I wouldn't worry.  It's not like it keeps growing/churning.  And the "inactive" part (blue in your graph) is caching previously used pages in case they are reclaimed (e.g. program images, shared libraries, etc.) before they are needed for some other purpose.  The system will free them and give them to a process if they are really needed.  This gives a big performance benefit for most systems.


----------



## gkontos (Mar 4, 2012)

It doesn't look bad, are you swapping a lot?

Generally speaking, free memory is bad memory. BTW are you performing a lot of I/O in UFS?


----------



## bojinov (Mar 4, 2012)

Thank you Uniballer.

Gkontos, I do have swap, but the graph for the swap usage is empty. 0 in, 0 out.
That is one of the reasons I think I might have a problem. though I only use 1.5 GB of RAM and the server has like 8 GB, so why use it right?
As for the I/O, I don't think so, there is a single jail, besides the base OS. *B*ut no virtualization or file serving.


----------



## wblock@ (Mar 4, 2012)

A machine with plenty of memory and no need for swap, the slowest kind of memory, is not using swap.  Why do you think that is a problem?


----------



## bojinov (Mar 4, 2012)

Hi wblock@,

I was considering a leakage and since some of that memory will be taken away from this server, I*'*ve decided that it won't hurt asking you guys.

Over all I'm more than happy with the memory consumption, considering all the things running on that box.


----------



## wblock@ (Mar 4, 2012)

It really looks fine.  Note how everything levels off at the end of the graph.  If there were a leak, it would keep climbing.


----------



## bojinov (Mar 4, 2012)

The server room experiences power outage every now and then  *N*ot much of a server room anyway. *T*he RAID array degrades after every outage and I was concerned about data corruption. *O*therwise that box has served me well for the past 4 years.


----------



## gkontos (Mar 5, 2012)

bojinov said:
			
		

> The server room experiences power outage every now and then  *N*ot much of a server room anyway. *T*he RAID array degrades after every outage and I was concerned about data corruption. *O*therwise that box has served me well for the past 4 years.



That should not happen! What type of RAID are you using?


----------



## bojinov (Mar 5, 2012)

RAID0 for the OS.


----------



## gkontos (Mar 5, 2012)

bojinov said:
			
		

> RAID0 for the OS.



You do realize that RAID0 (striping) is a high risk solution, meaning if you lose one disk then you lose the full OS?

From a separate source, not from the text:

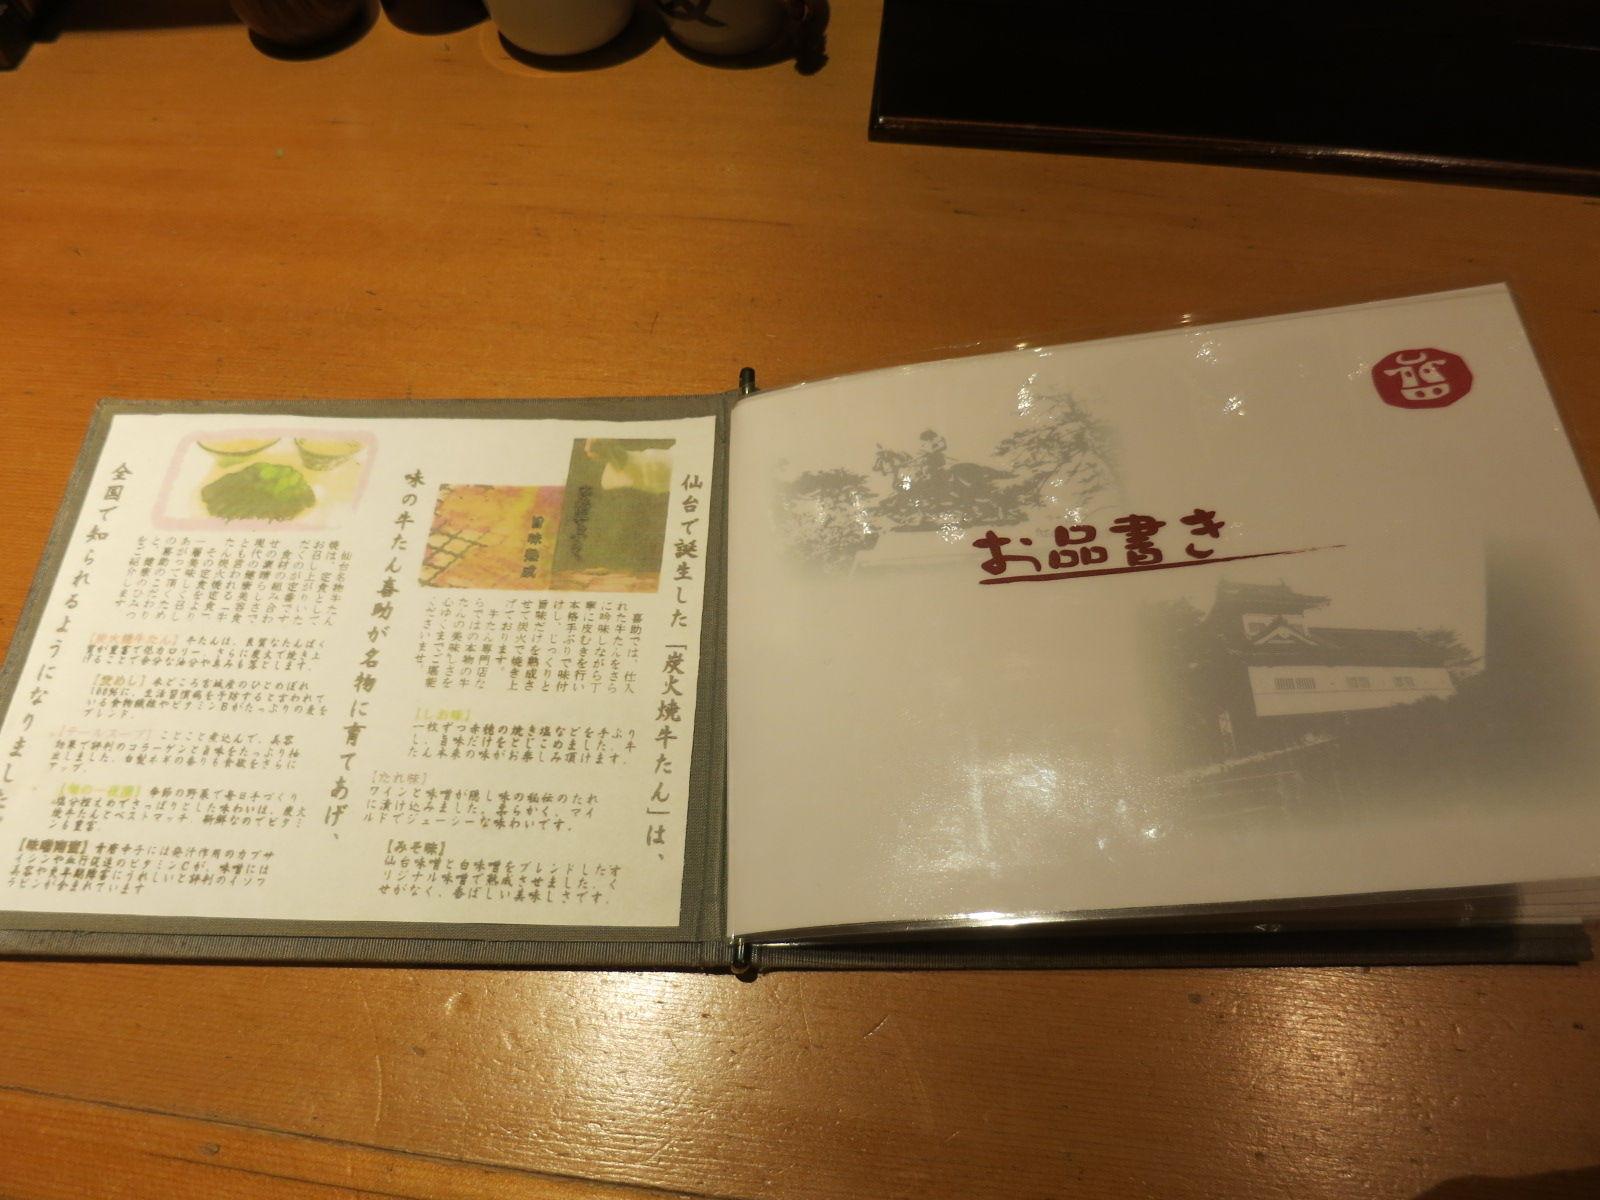 フォーリンデブはっしー 公式ブログ - 「喜助分店」(浜松町・大門/牛タン) - Powered by LINE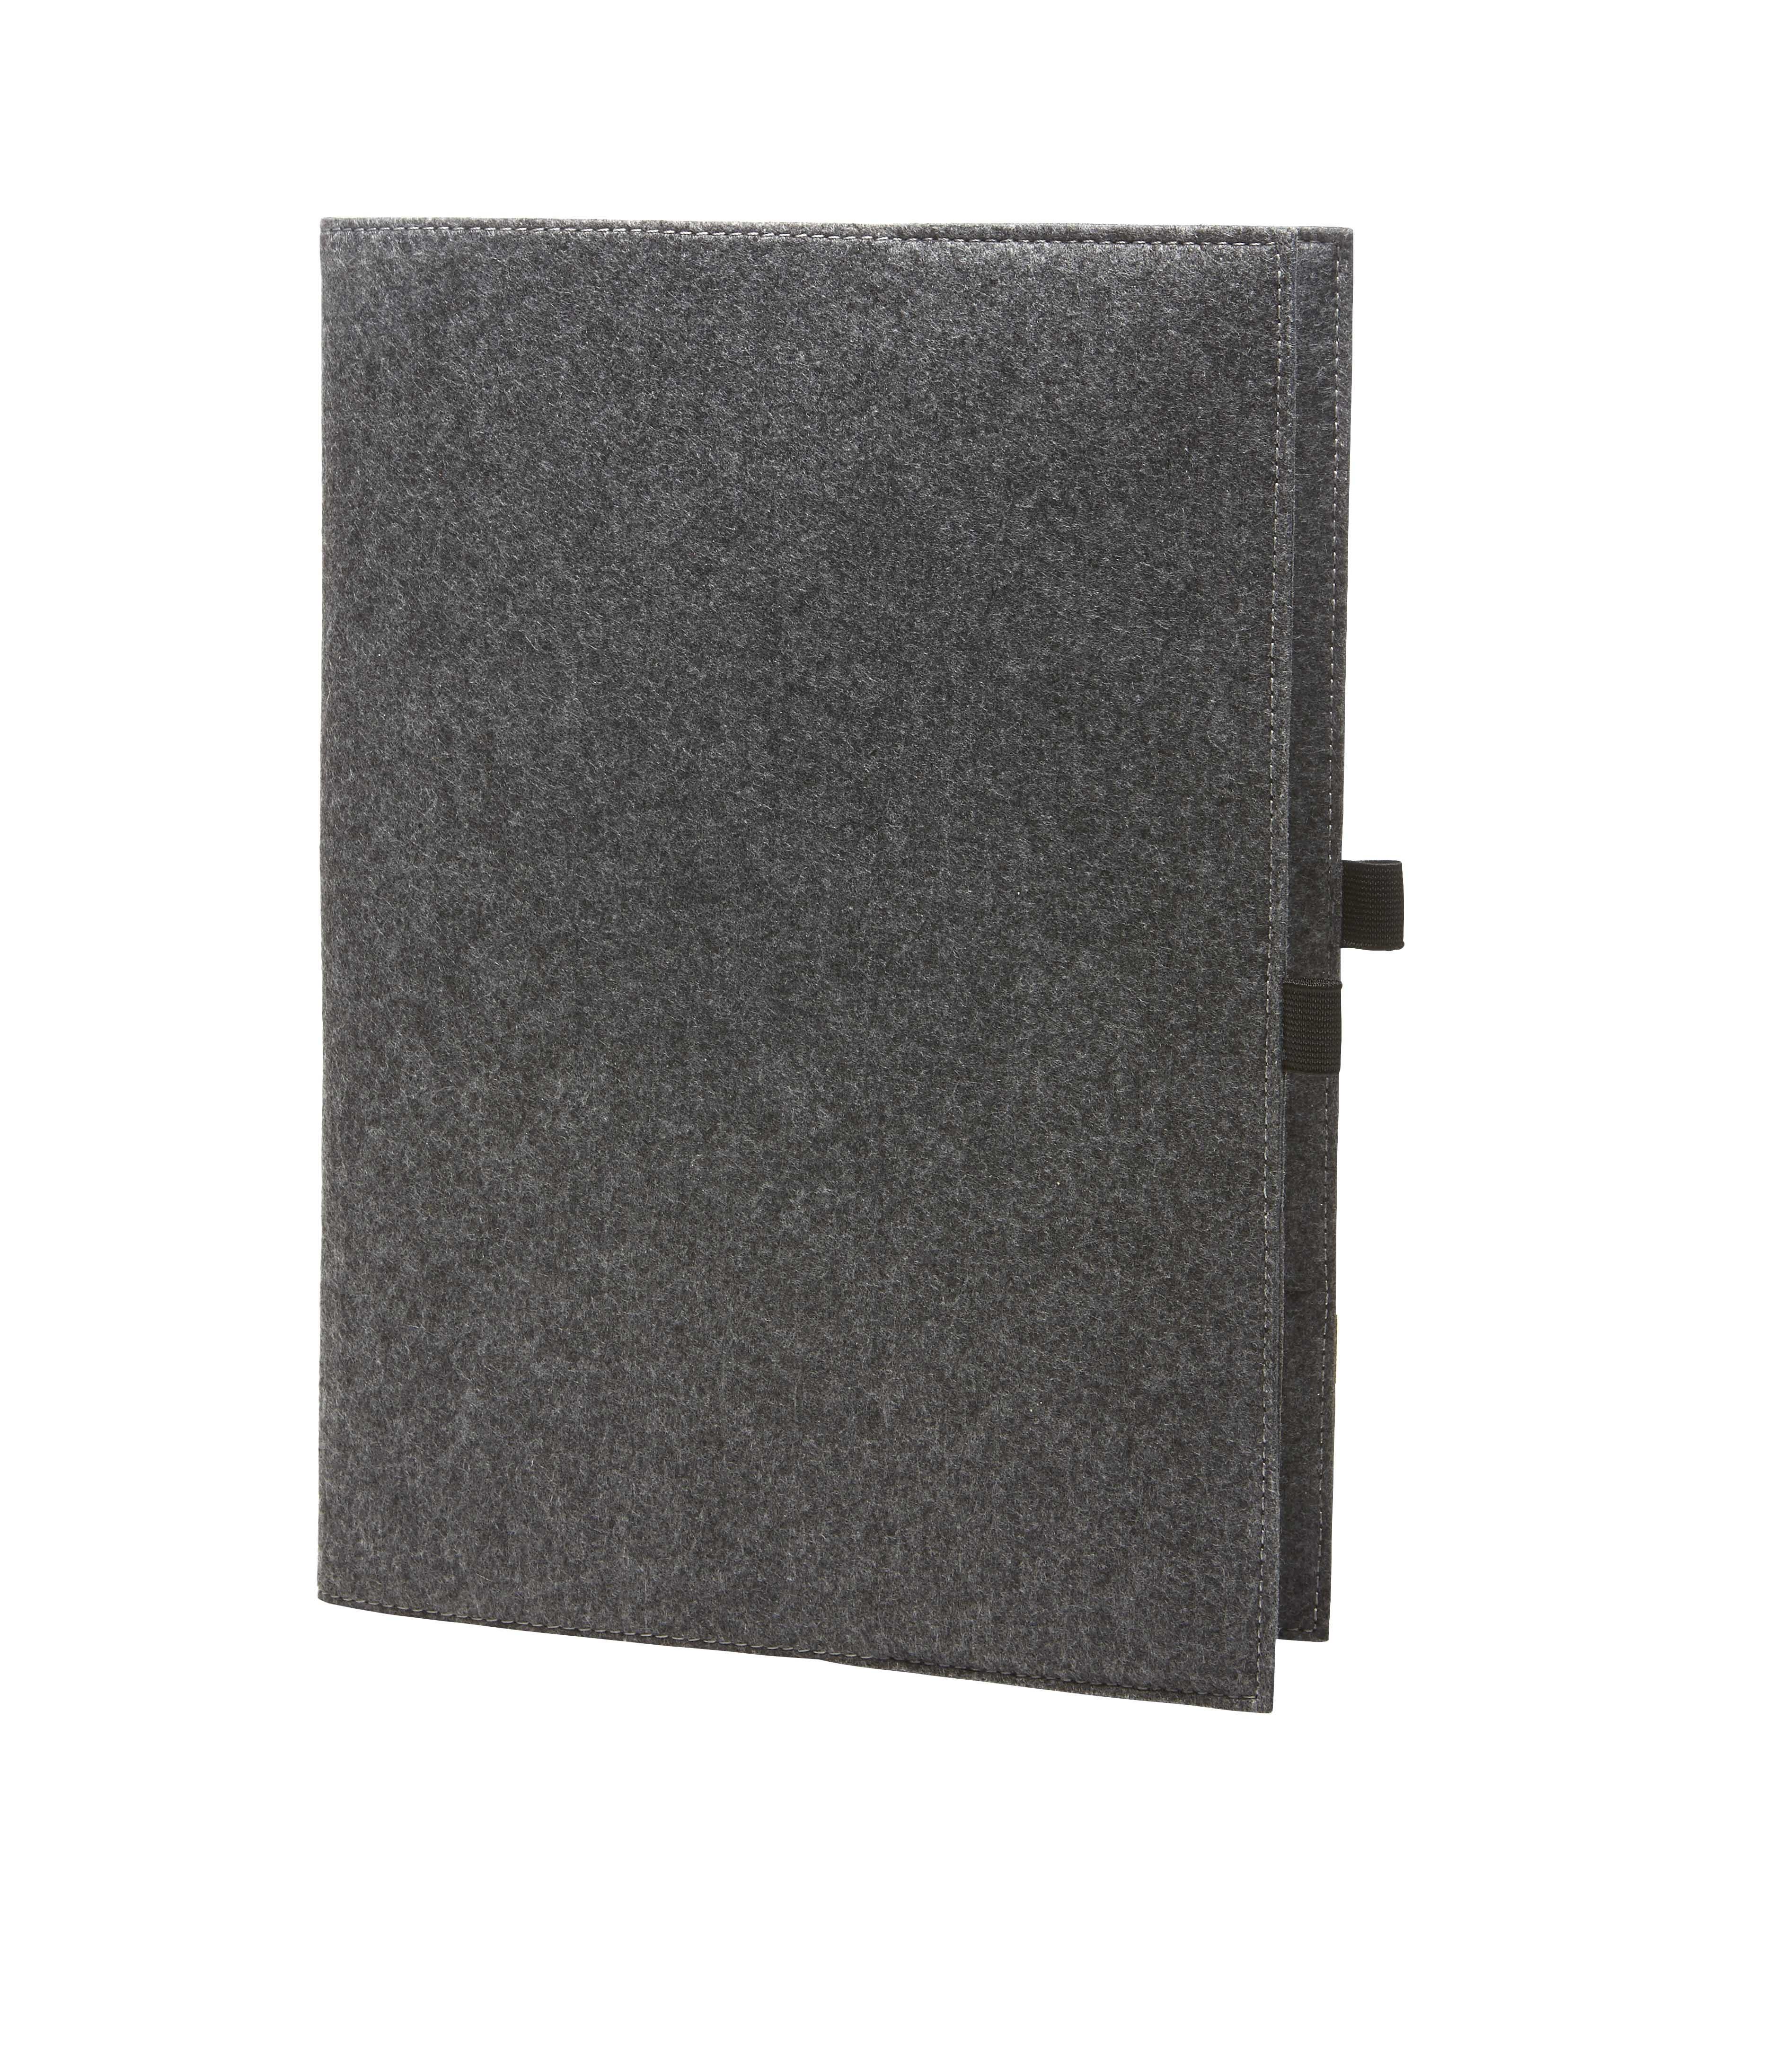 Schreibmappe Economy für DIN-A4 Papiere aus Filz in grau

RAID0 is used mainly on application demanding heavy DISK I/O operations at data we don't care to lose because we constantly backup. IMO unless you are doing some video editing, don't use RAID0. 

Best Regards,
George


----------



## jem (Mar 5, 2012)

gkontos said:
			
		

> You do realize that RAID0 (stripping) is a high risk solution, meaning you if loose one disk then you loose the full OS.



In fact, it doubles your chance of data loss compared to using only a single disk.  You've now got two devices that could fail, either of which would cause loss of your whole RAID 0 stripe.


----------



## kpa (Mar 6, 2012)

RAID0 is also used by leet gamer kids so they can brag about how quickly their machine boots


----------



## bojinov (Mar 6, 2012)

*N*ow now guys .. that was a typo .. actually it wasn't
I meant the backup kind of RAID. RAID1 I suppose.

I configured my server. It was ages ago and YES *I**'*m a heavy windows user and barely have anything to do with hardware.
YES I assembled my server from ebay parts, so I*'*m not surprised I have problems with it.

The fun part is that I find FreeBSD easier to configure to run as a server than any linux or windows.


----------



## Crivens (Mar 7, 2012)

kpa said:
			
		

> RAID0 is also used by leet gamer kids so they can brag about how quickly their machine reboots



There, fixed it for you


----------